■ **Available data**:
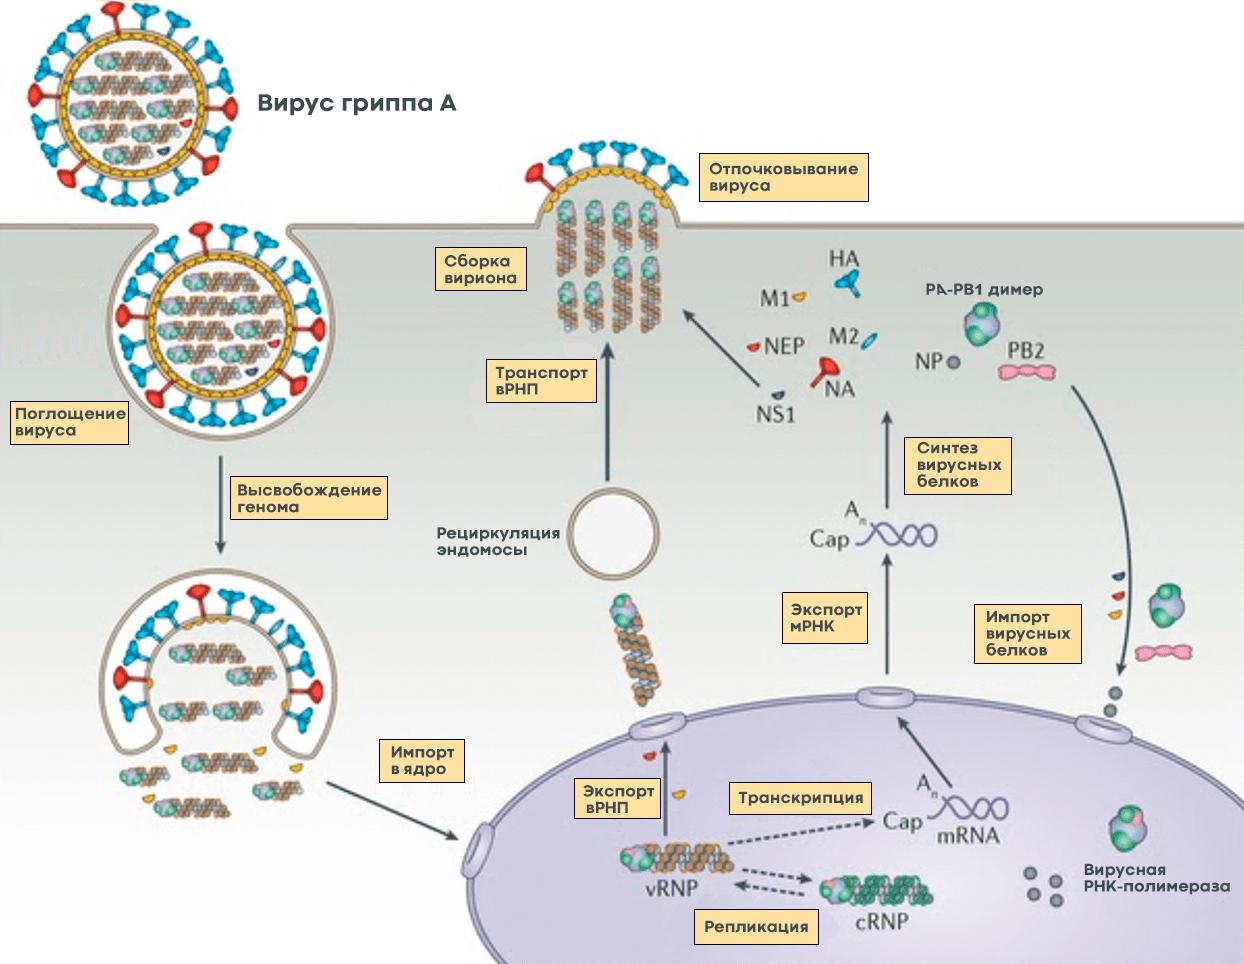 Жизненный цикл вируса гриппа А
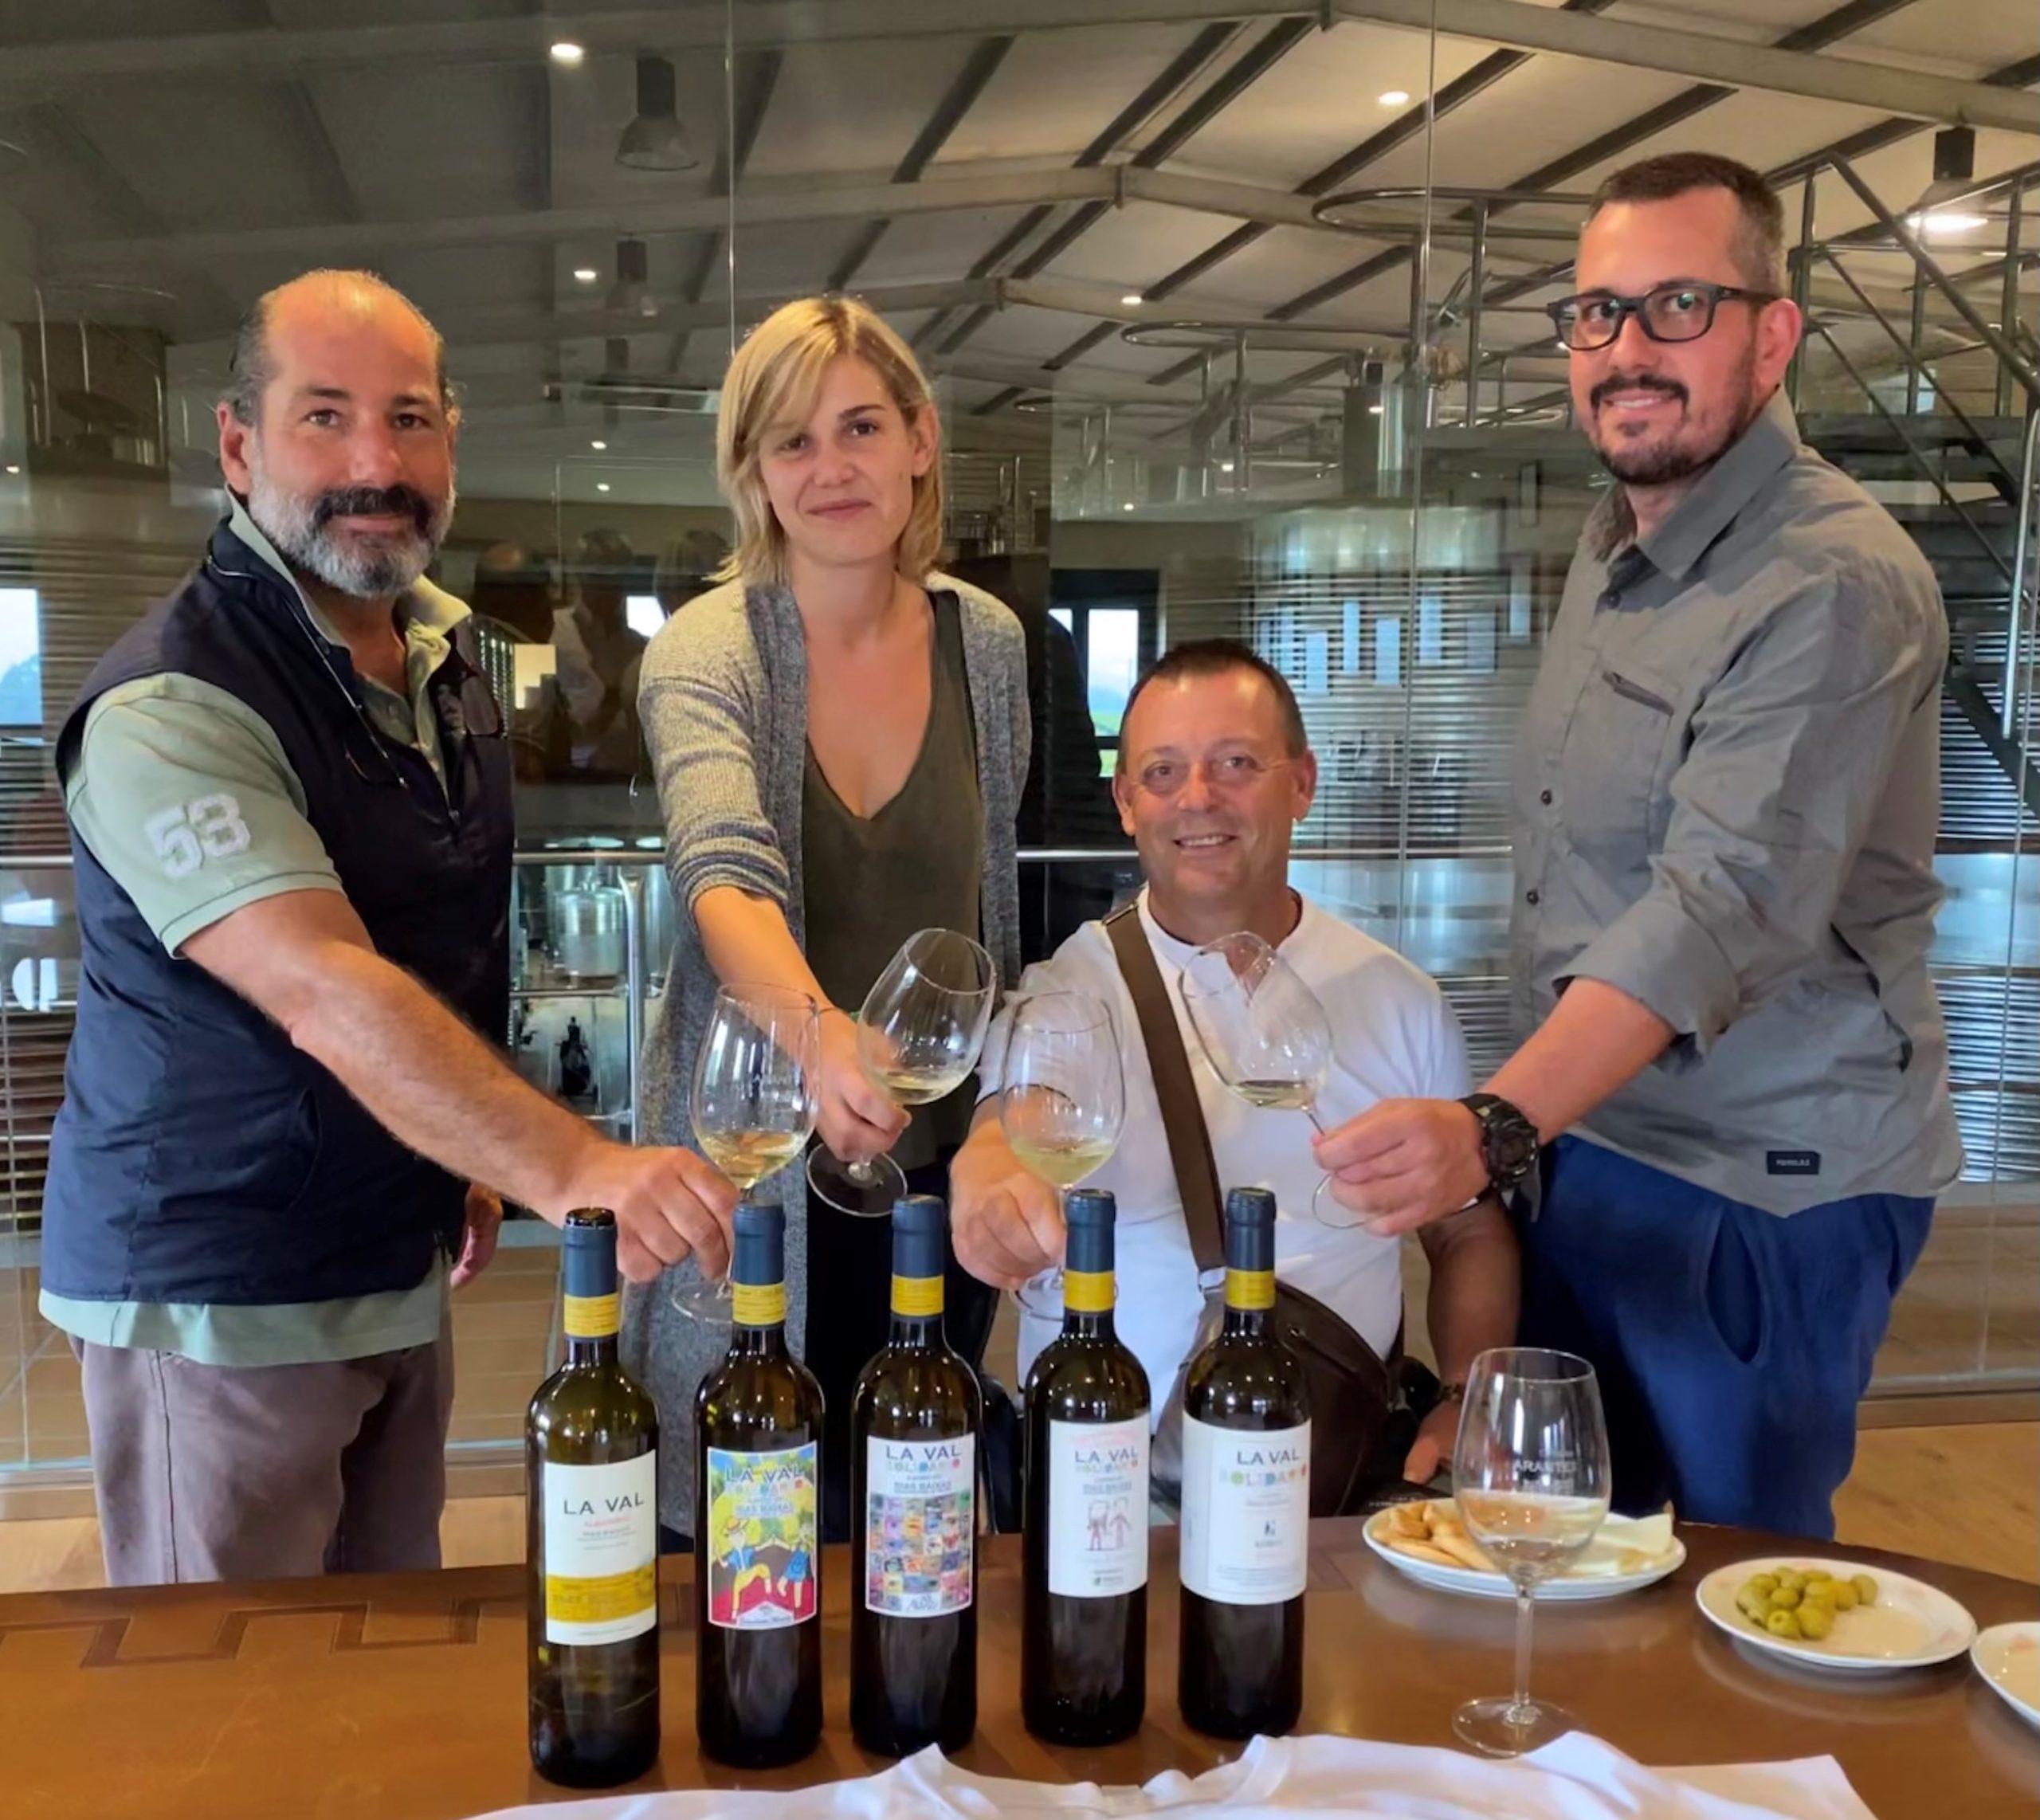 Comienza la vendimia del vino más solidario que elabora Bodegas La Val
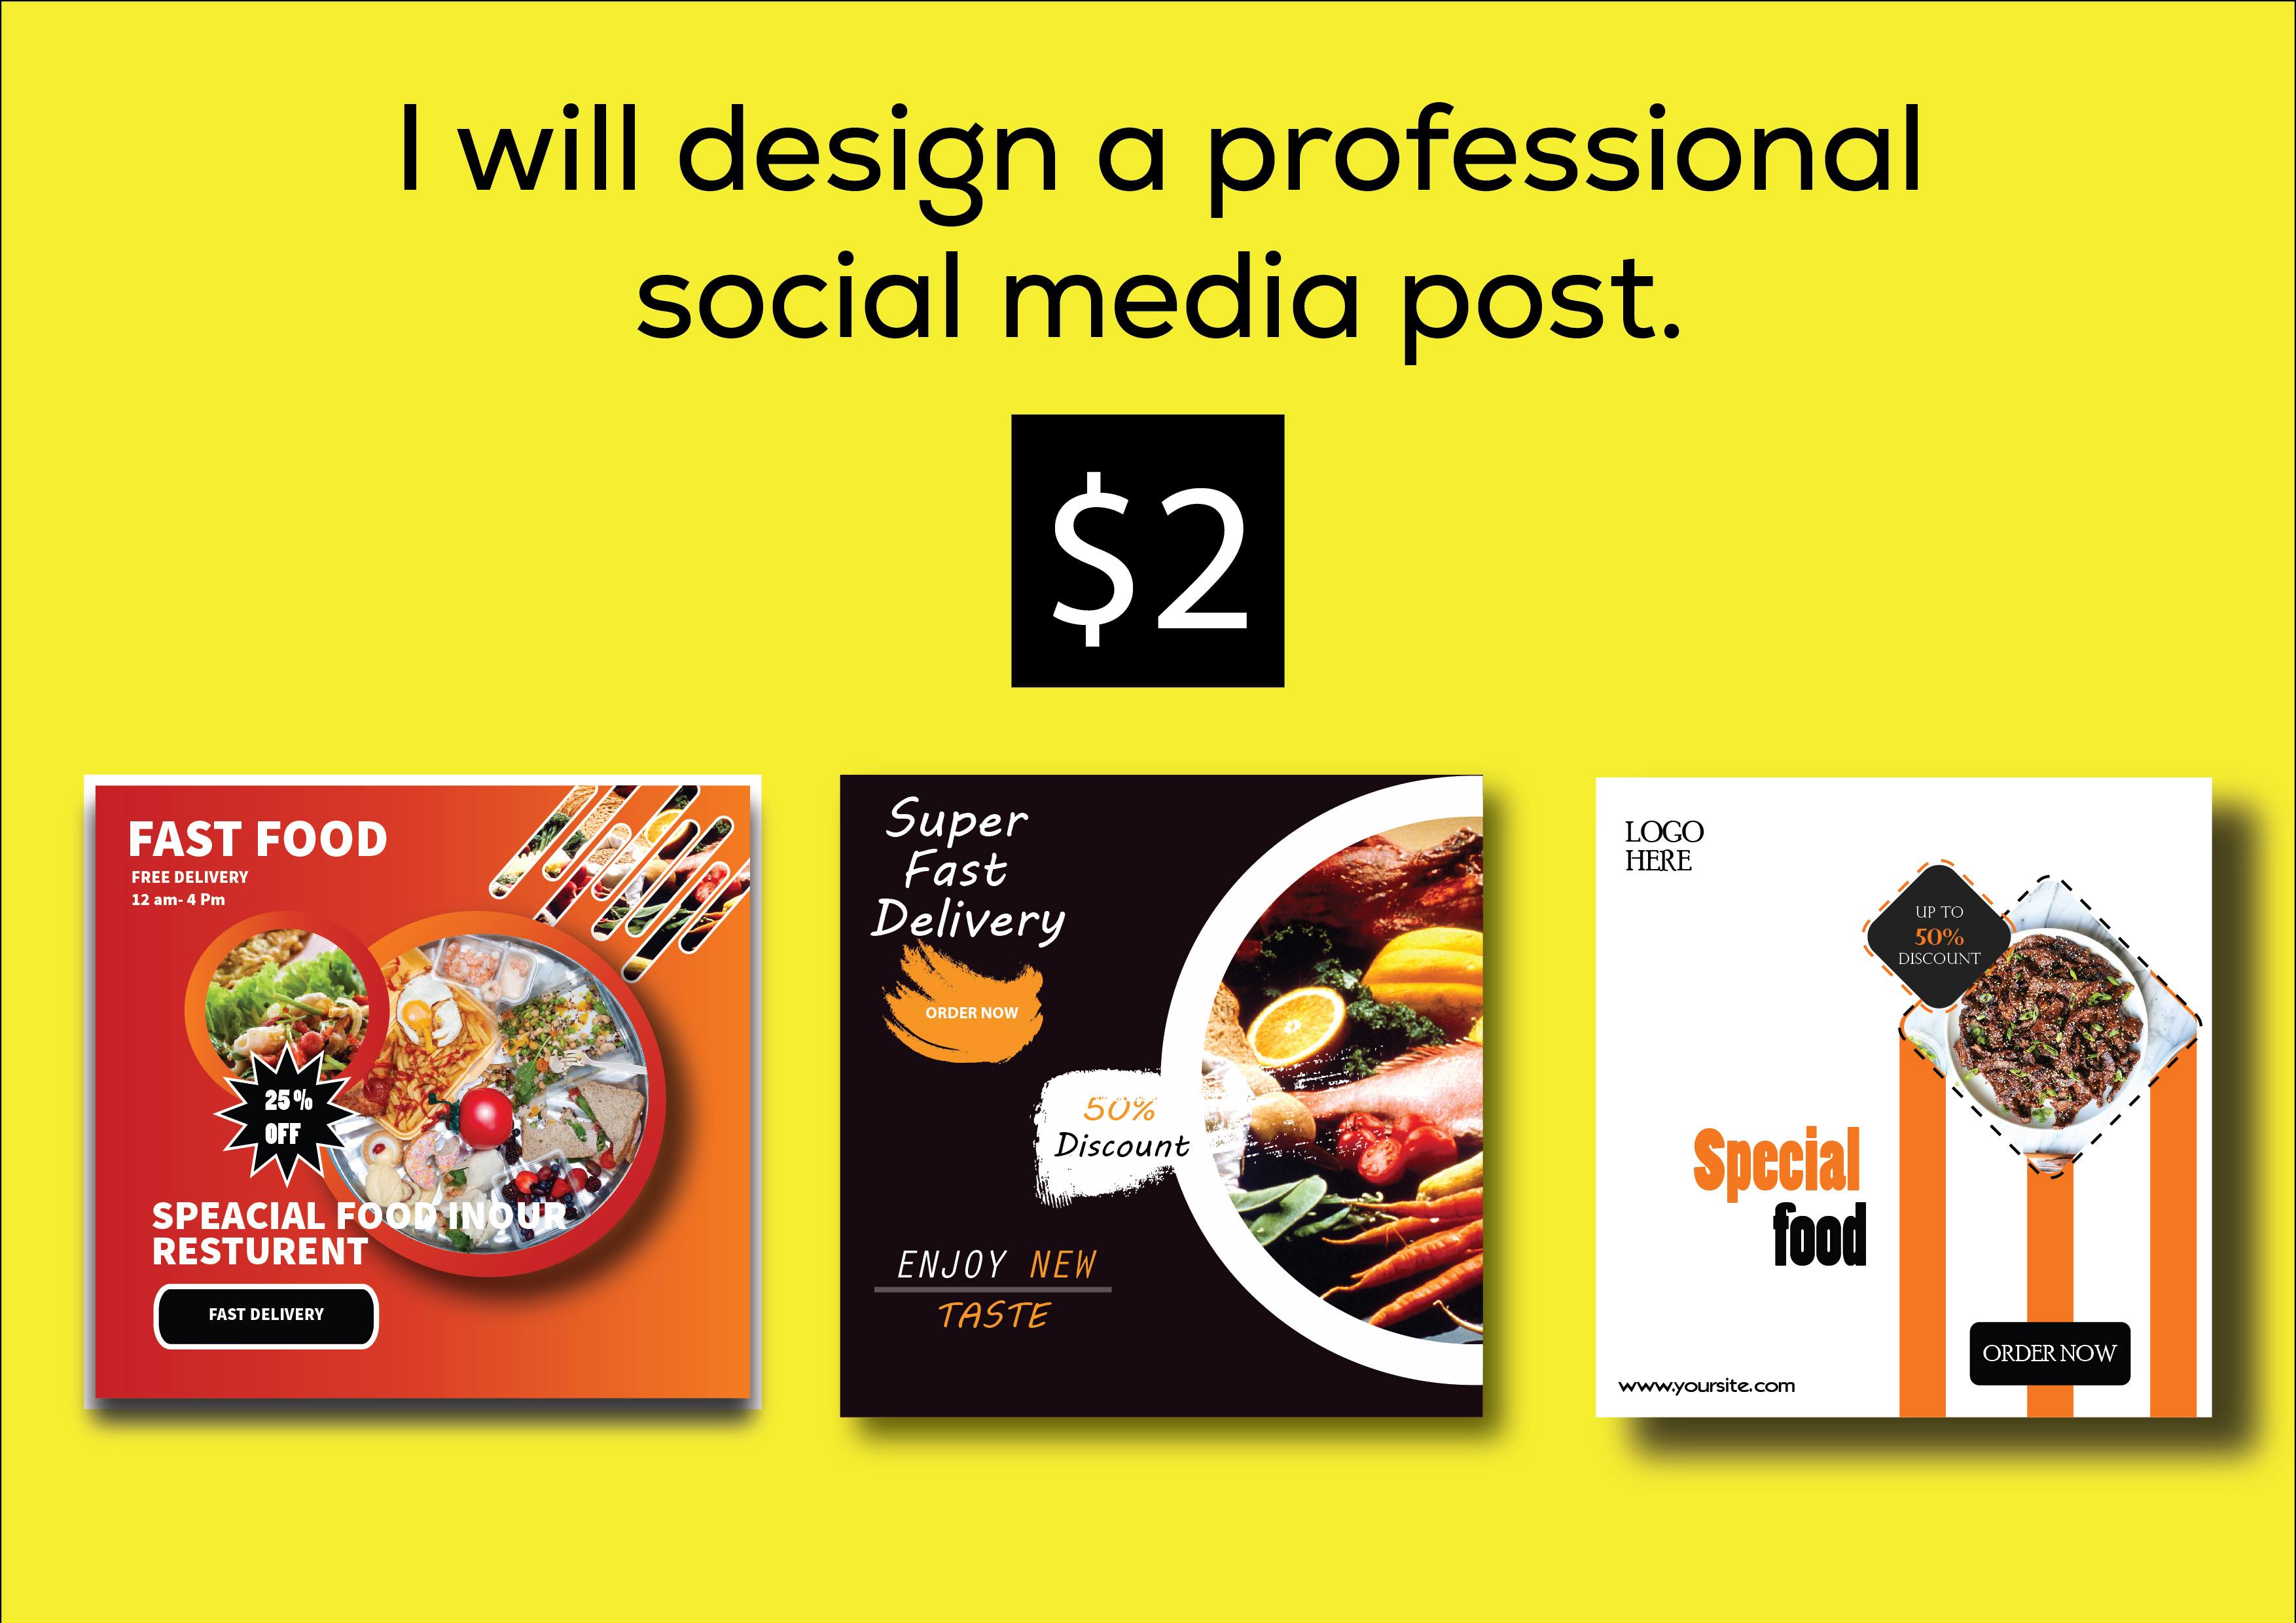 I will design a professional social media post.

■ **What the task asks**: Here the job is to print the data above exactly, except for any pictures.

■ **Exercise output**:
 Жизненный цикл вируса гриппа А
 Comienza la vendimia del vino más solidario que elabora Bodegas La Val
 I will design a professional social media post.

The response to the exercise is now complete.